Он оглянулся. Старец епископ, судорожно ломая свои изможденные руки, с отчаянием в поднятом кверху взоре, беззвучно шевелил своими иссохшими, бескровными губами, – очевидно, моля Всевышнего обуздать, образумить его брата во Христе, дабы не накликать на них обоих еще вящей невзгоды.
Голос патера Сераковского за дверью заставил Михайлу снова отдать все внимание собеседующим.
– Един Бог без греха… – кротко заметил иезуит и пояснил, что сам он, конечно, душевно скорбит о тех исключительных случаях, где сопротивление, оказанное людьми православными распоряжениям латинских властей, побудило эти власти к иным, чересчур, быть может, крутым мерам. Так, например, добавил патер, – он отнюдь не может одобрить тех жестокостей, коим, как слышно, подвергся «баннированный» из «епископии» своей православный «прелат» веноцкий… как бишь его? Феодосий или Паисий? И что всякого истинного христианина, какого бы толку он ни был, должно радовать, что сему прелату благостию Божиею удалось, наконец, найти выход из места заточения. И где-то он, бедный, пребывает ныне!..

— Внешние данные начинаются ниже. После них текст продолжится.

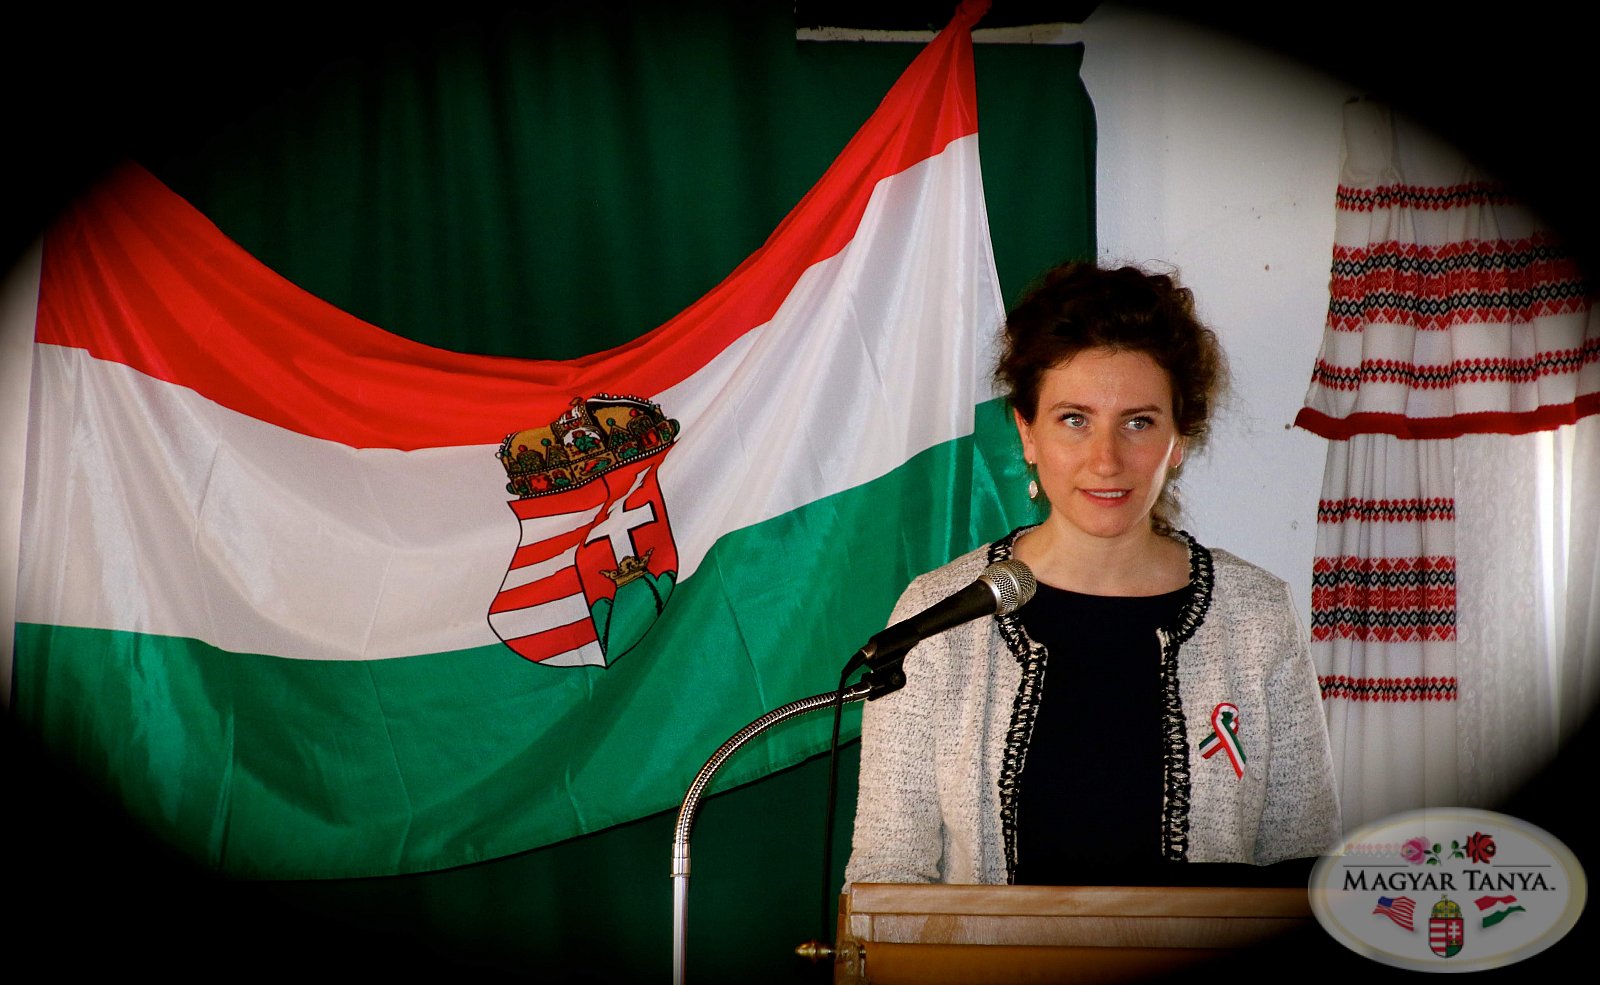 Commemoration of Hungarian Revolution of 1848

Отец Никандр успел, видно, опять опомниться и отвечал гораздо сдержаннее прежнего:
– Пребывает он в прегорчайшей пустыне, Богом хранимый, нося на теле своем раны мученические.
Гость выведал от хозяина, по-видимому, все, что ему надо было, и стал прощаться. На ходу, однако, он обратился вдруг к хозяину с просьбой дозволить ему обозреть его обитель, чтобы ему легче было посодействовать улучшению стесненного положения любезного собрата.

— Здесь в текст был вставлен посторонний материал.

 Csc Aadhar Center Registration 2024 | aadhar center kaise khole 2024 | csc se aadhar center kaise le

Долготерпение отца Никандра было, должно быть, истощено. Он сухо, наотрез отказал иезуиту в просьбе, говоря, что в заступничестве его не нуждается.
Между тем патер Сераковский, будто по рассеянности, вместо выходной двери, шагнул к двери пастырской спальни.
– Куда! Это… моленная моя! – растерянно всполохнулся отец Никандр, хотя и мог думать, что с той стороны Михайло напирает на дверь плечом.
Тот, впрочем, и не коснулся даже скобки двери: между «варистою» печью и деревянной переборкой, чтобы последняя как-нибудь не затлелась, была оставлена небольшая щель, сквозь которую, приложив глаз, можно было обозреть добрую половину спальни. Патер Сераковский, само собою разумеется, не прикладывал глаза к щели, однако, мимоходом, вероятно все же углядел в нее столько, сколько ему требовалось, потому что с невозмутимою вежливостью извинился перед хозяином в невольной ошибке и повторил обещание все-таки воззвать к милосердию «светлейшего».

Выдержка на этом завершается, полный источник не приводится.